I am currently reading Zen and the Art of Motorcycle Maintenance. It’s an interesting book, one I thought might have a more abstract or spiritual tone but so far it’s quite literally describing a man’s journey across the country on his motorcycle, identifying all the issues with the actual engine. It’s funny how the author allows you to draw your own conclusions about what he is trying to convey.

I think for the first time something really clicked for me about the difference between a car ride and a motorcycle trip. A car ride is all about the destination, even in the car you are a passenger watching everything sort of like a movie, everything is passive. It’s about taking the freeways and highways – the fastest route. Whereas, a motorcycle is all about being part of the scenery, taking the quieter scenic roads, it’s less about where your destination actually is but rather the journey of getting there.

I am finding that by trying to rush through some really critical parts of my growth I’ve been somehow missing the point.
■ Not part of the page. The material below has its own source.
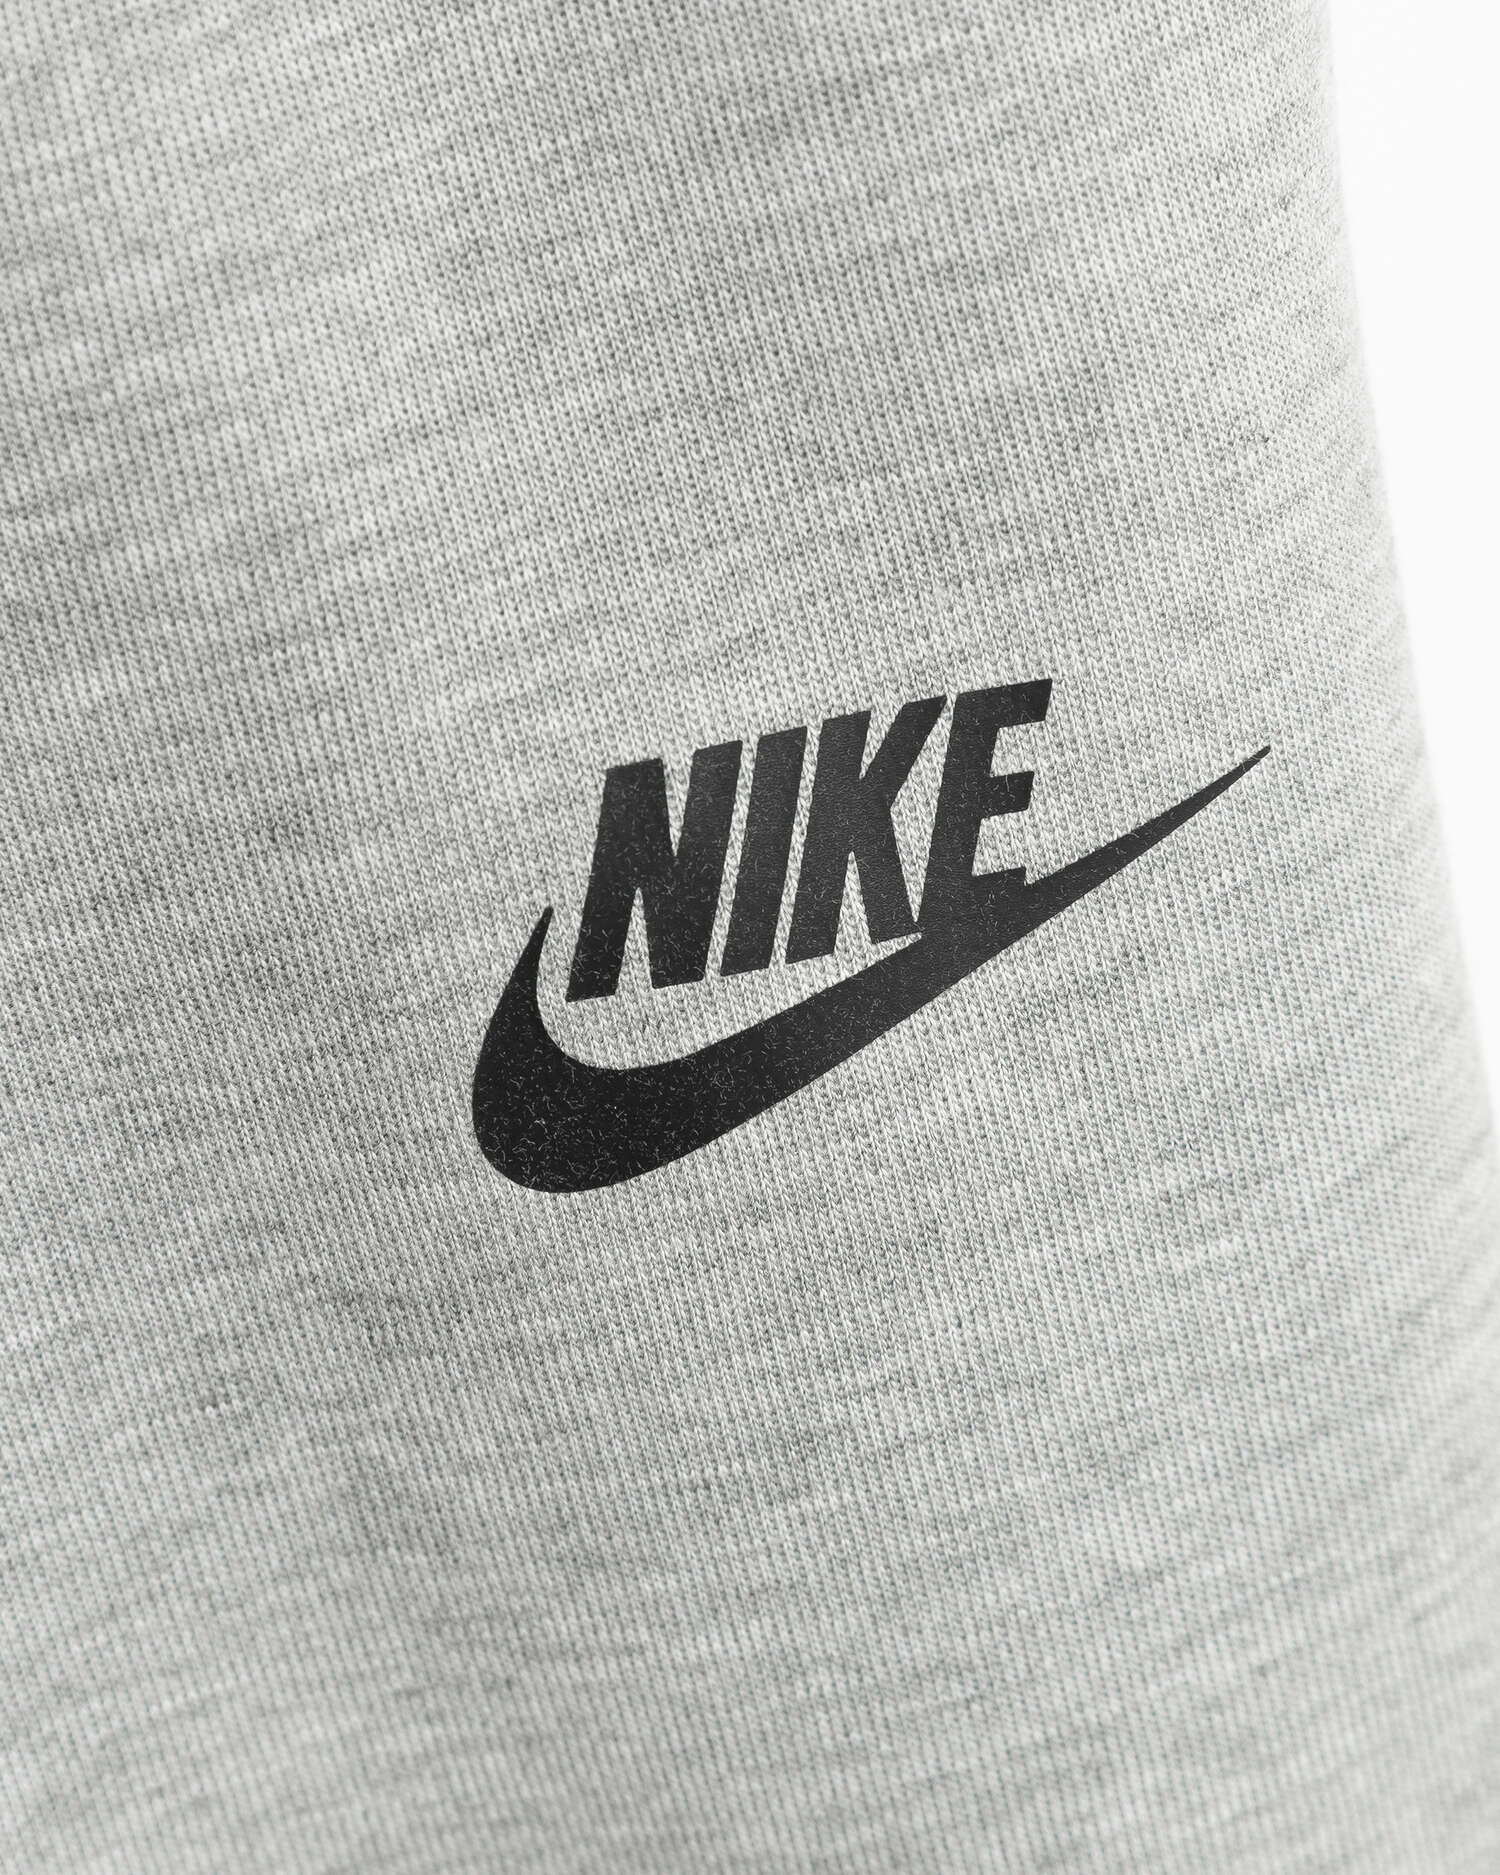 Nike Sportswear Tech Fleece Jogger Men's Pants Gray CU4495-063| Buy ...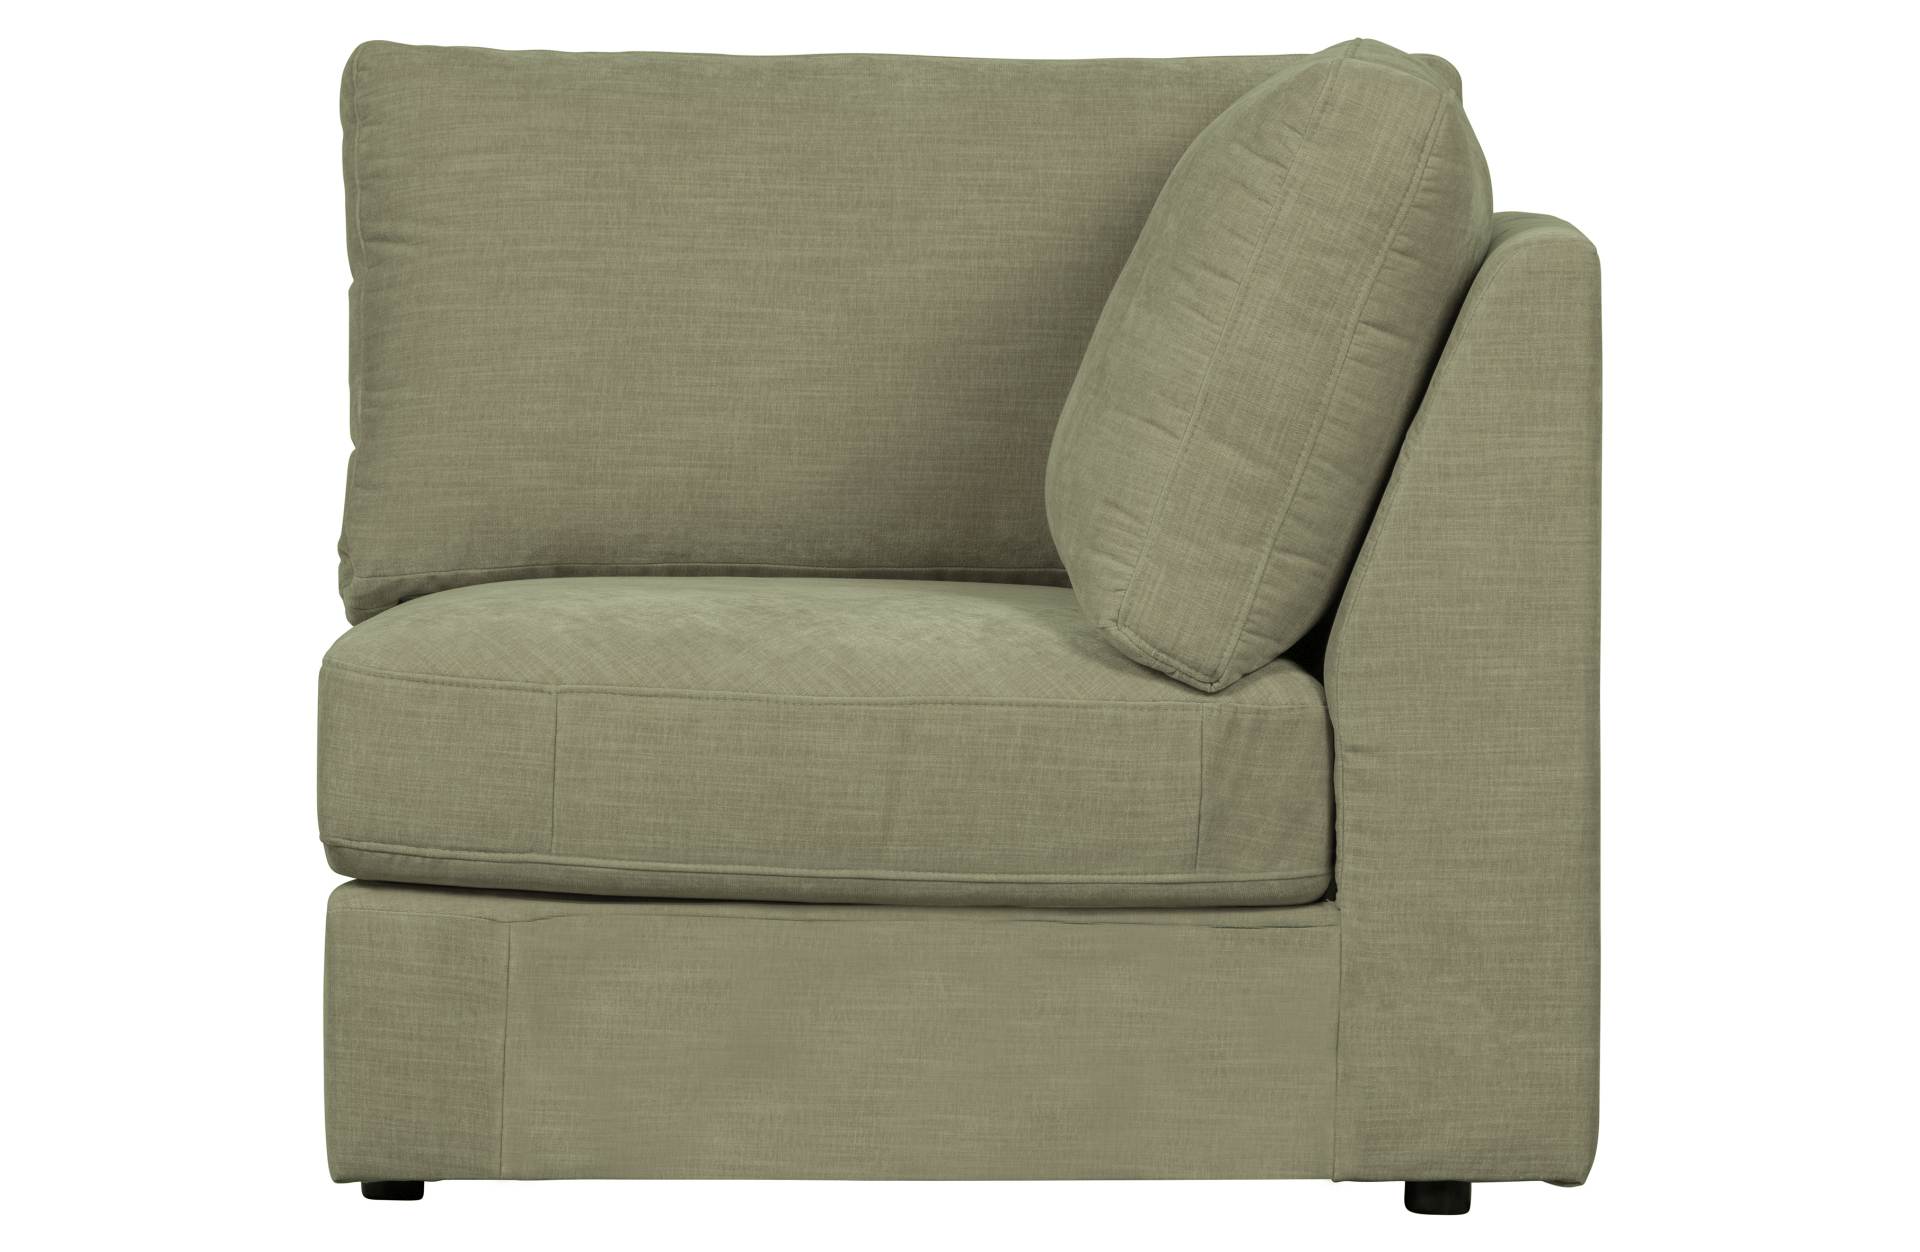 Das Modulsofa Family überzeugt mit seinem modernen Design. Das Eck Element wurde aus Gewebe-Stoff gefertigt, welcher einen einen grünen Farbton besitzen. Das Gestell ist aus Metall und hat eine schwarze Farbe. Das Element hat eine Sitzhöhe von 44 cm.

I am beginning to see why it’s important to find serenity rather than judgment in my shortcomings. That it can be easier to perceive strength as weakness, and that certain situations in life continually arise not merely out of coincidence but because of some larger lesson at hand. That until they can be faced with a fearless honesty it will continually repeat itself. And ultimately, somewhere down the line do me a large disservice.

I know that it’s something about trust, following my conscience and being ok with being misunderstood, disliked or doubted.

Life lessons are really hard to learn. Sometimes I wish they weren't so difficult but then again I think it's only a reminder that life isn't something to be taken so lightly all the time. It's a really precious thing, something to be shared with special people.